SOURCE DATA:
□ □ □ □ □ □ □

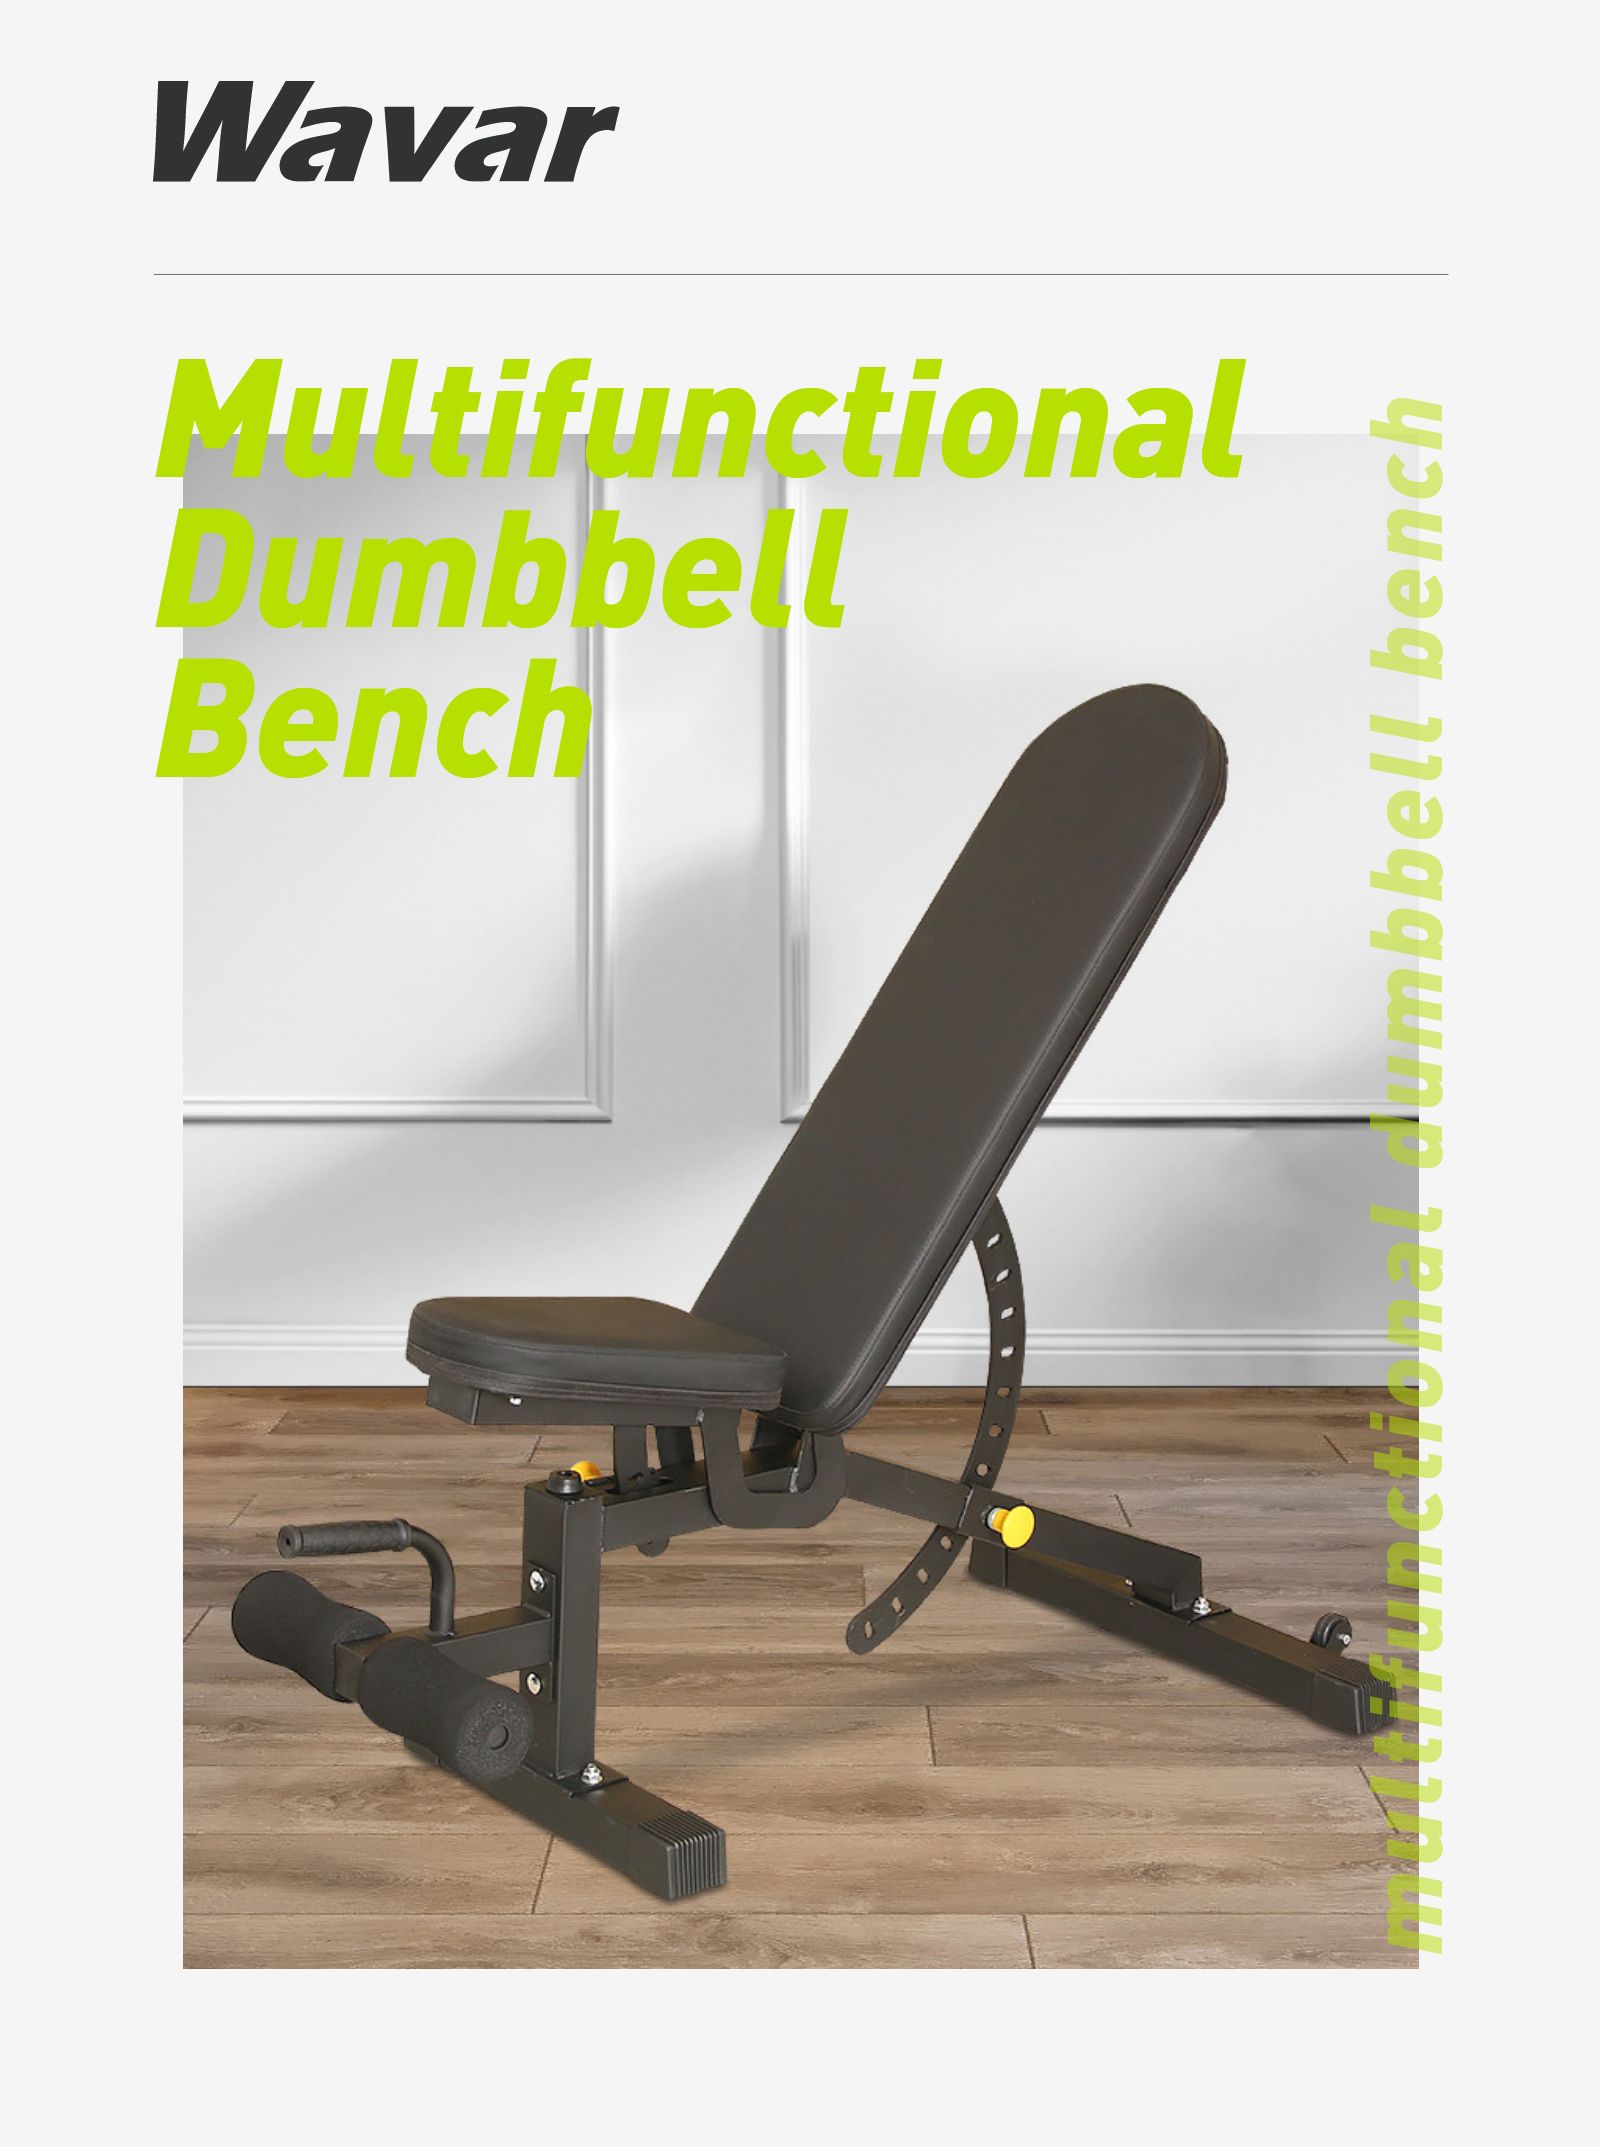 Multifunctional Dumbbell Bench
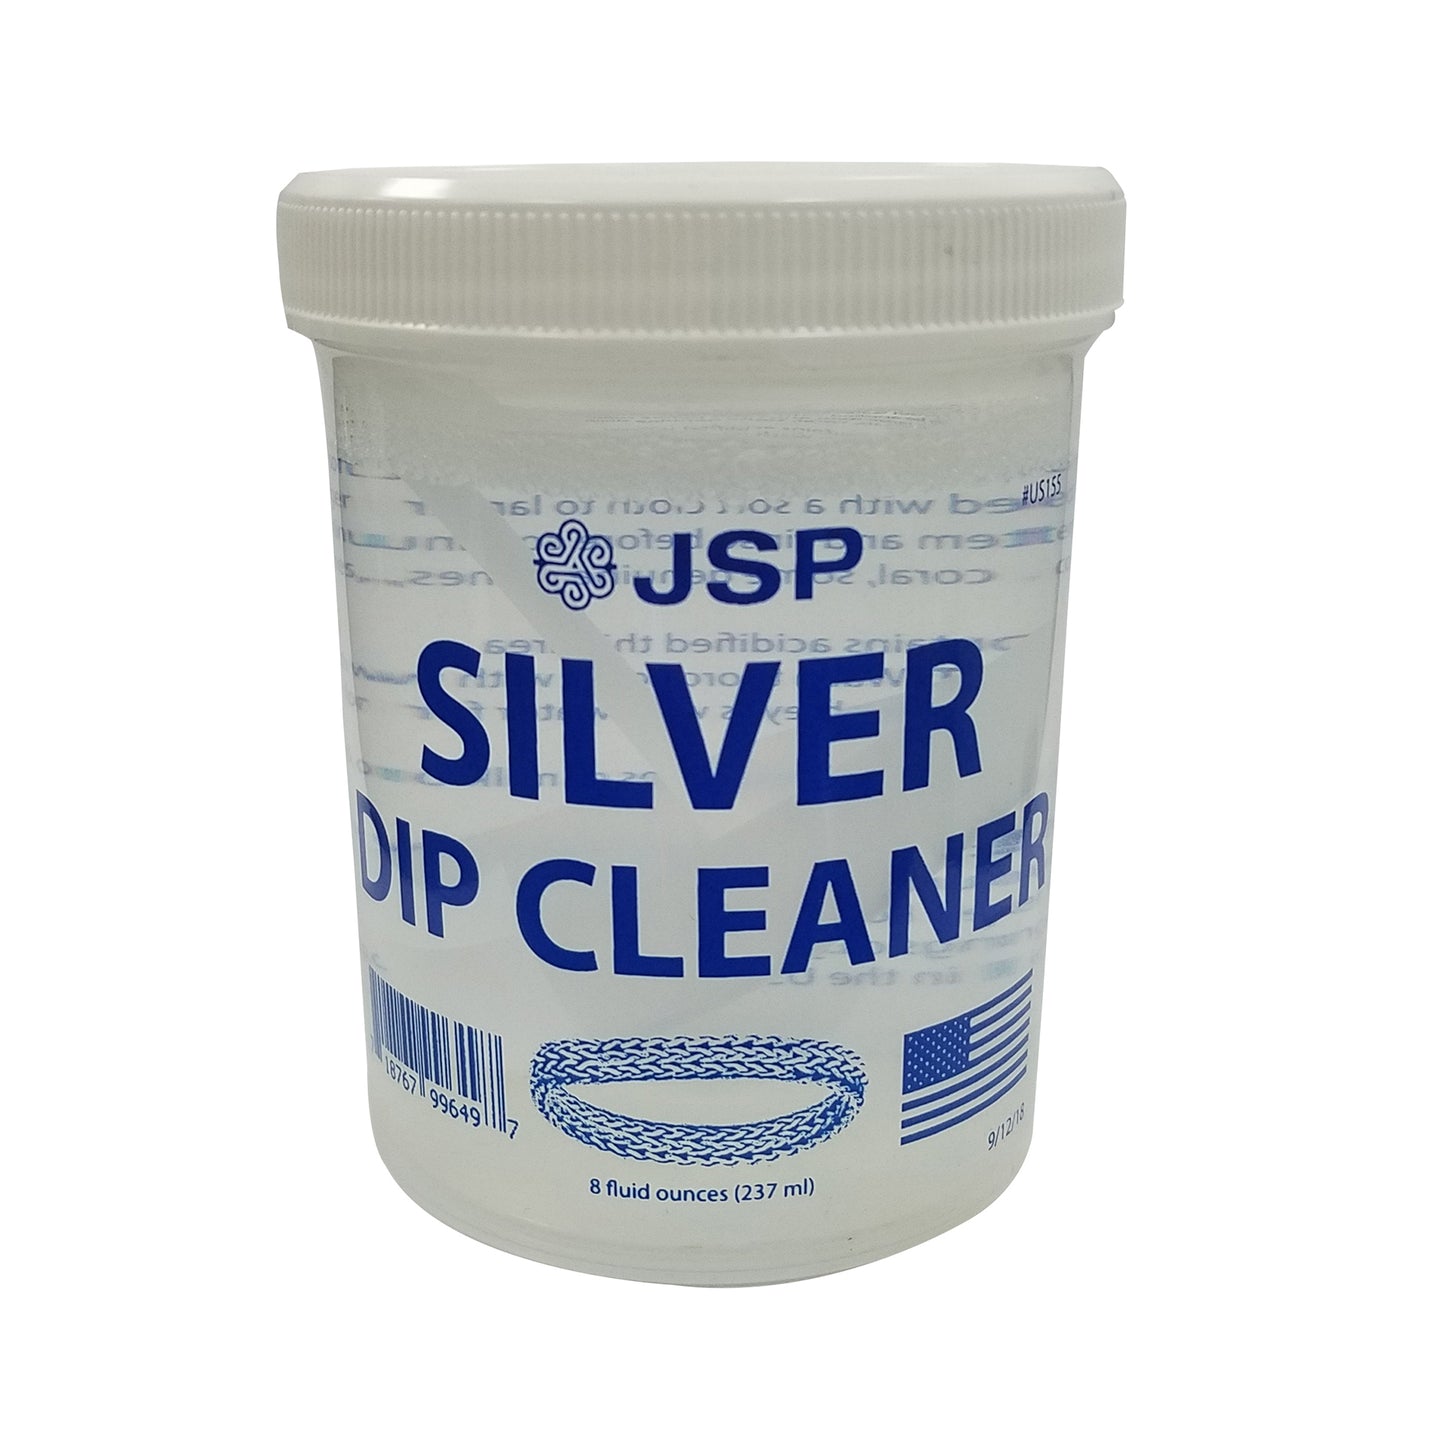 Made In U.S.A. 8 oz Silver Dip Cleaner
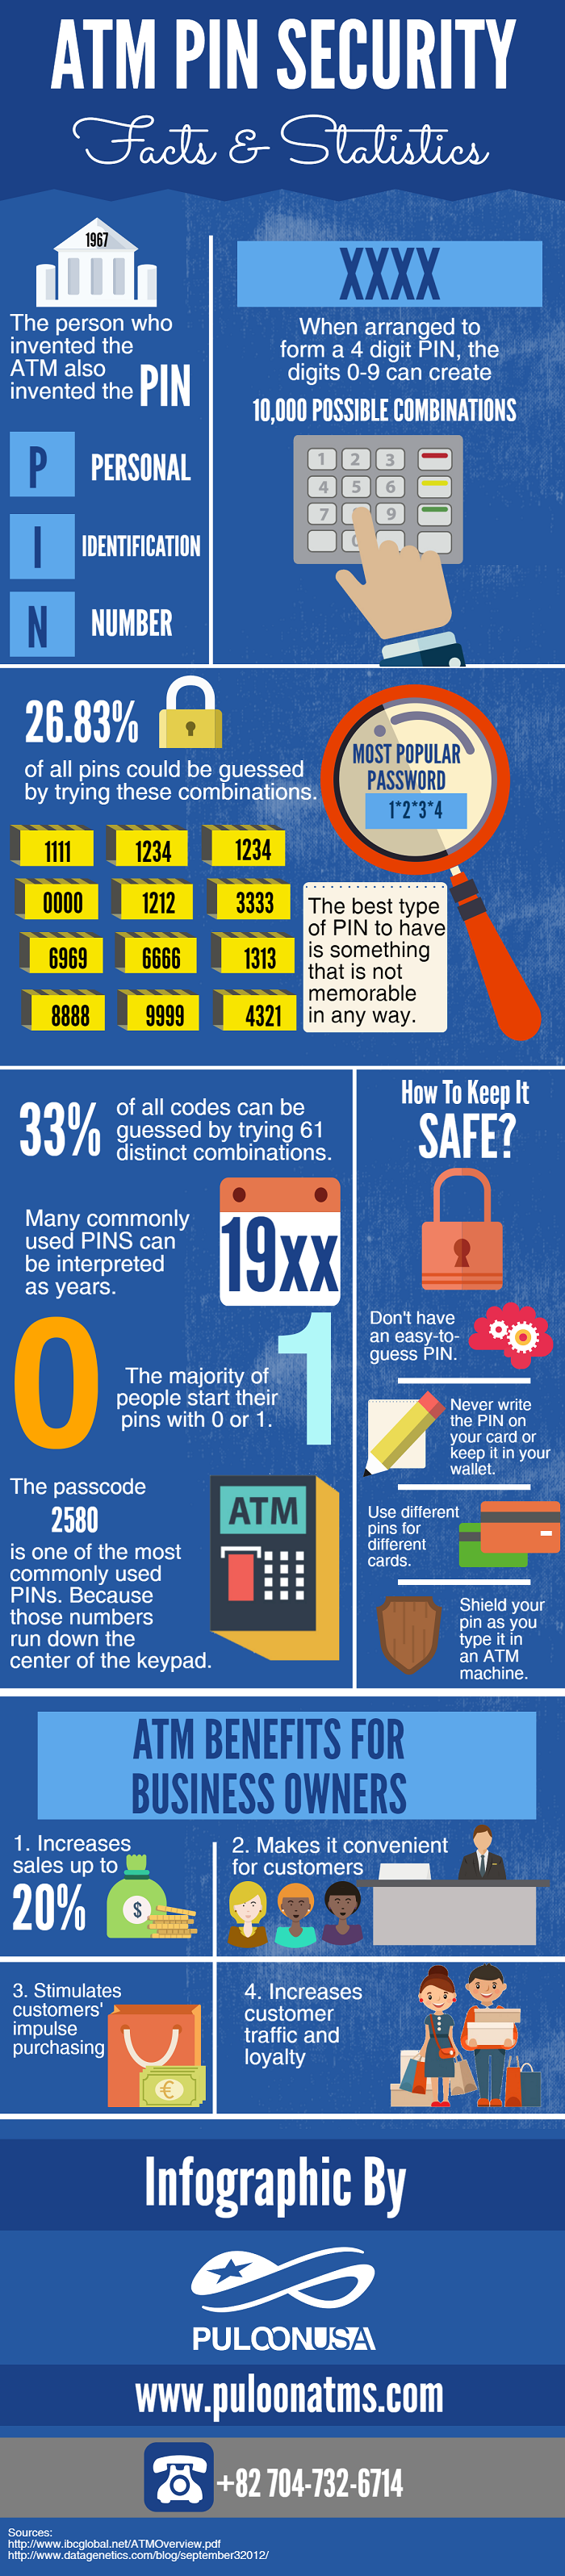 ATM PIN SECURITY Facts & Statidtics
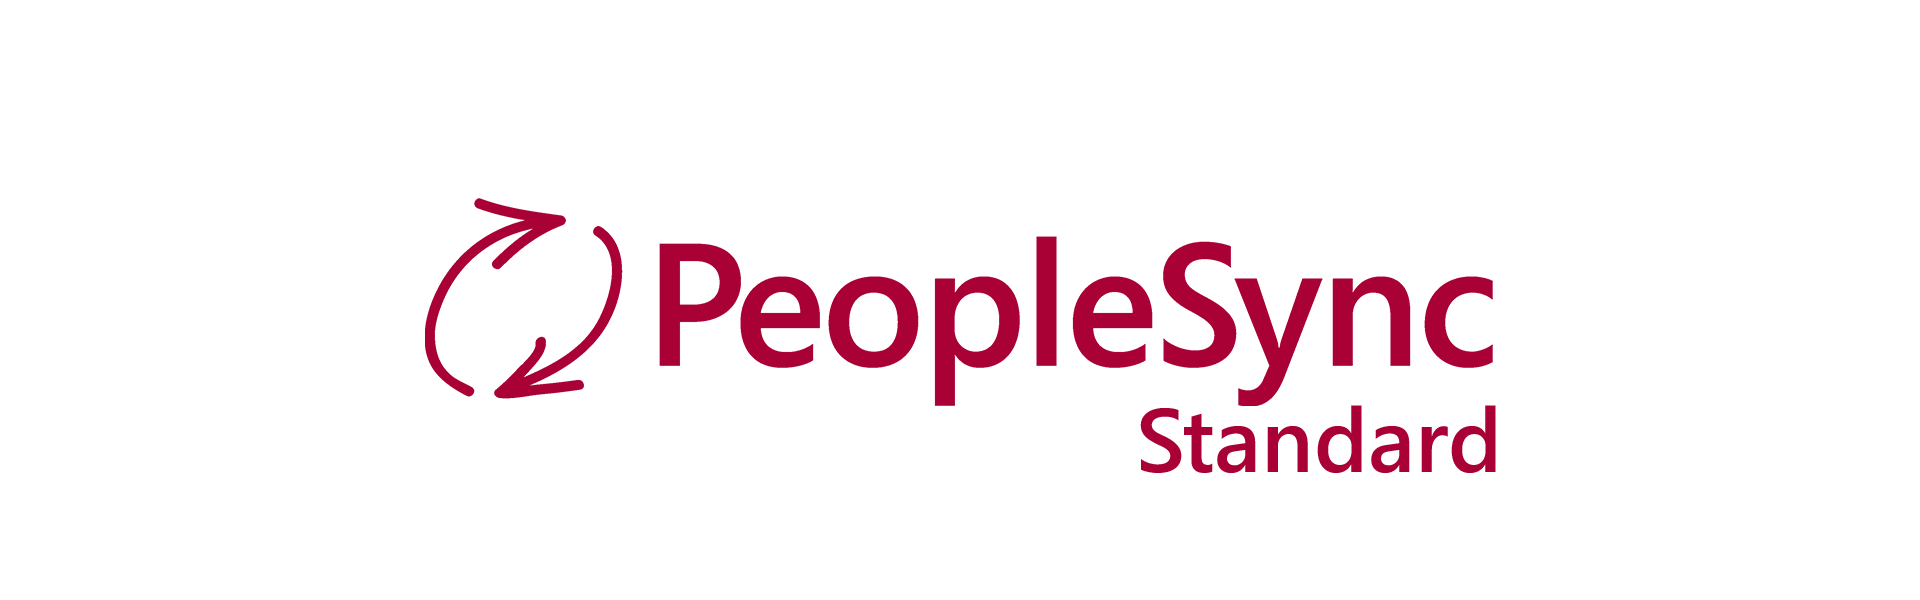 messageconcept peoplesync standard edition logo

□ □ □ □ □ □ □

EXERCISE DETAILS: With the pictures left out, output exactly the lines from the one with "Made In U.S.A. 8 oz Silver Dip Cleaner" through the end of the listing above, both ends included.

RESULT:
 Made In U.S.A. 8 oz Silver Dip Cleaner
 ATM PIN SECURITY Facts & Statidtics
 messageconcept peoplesync standard edition logo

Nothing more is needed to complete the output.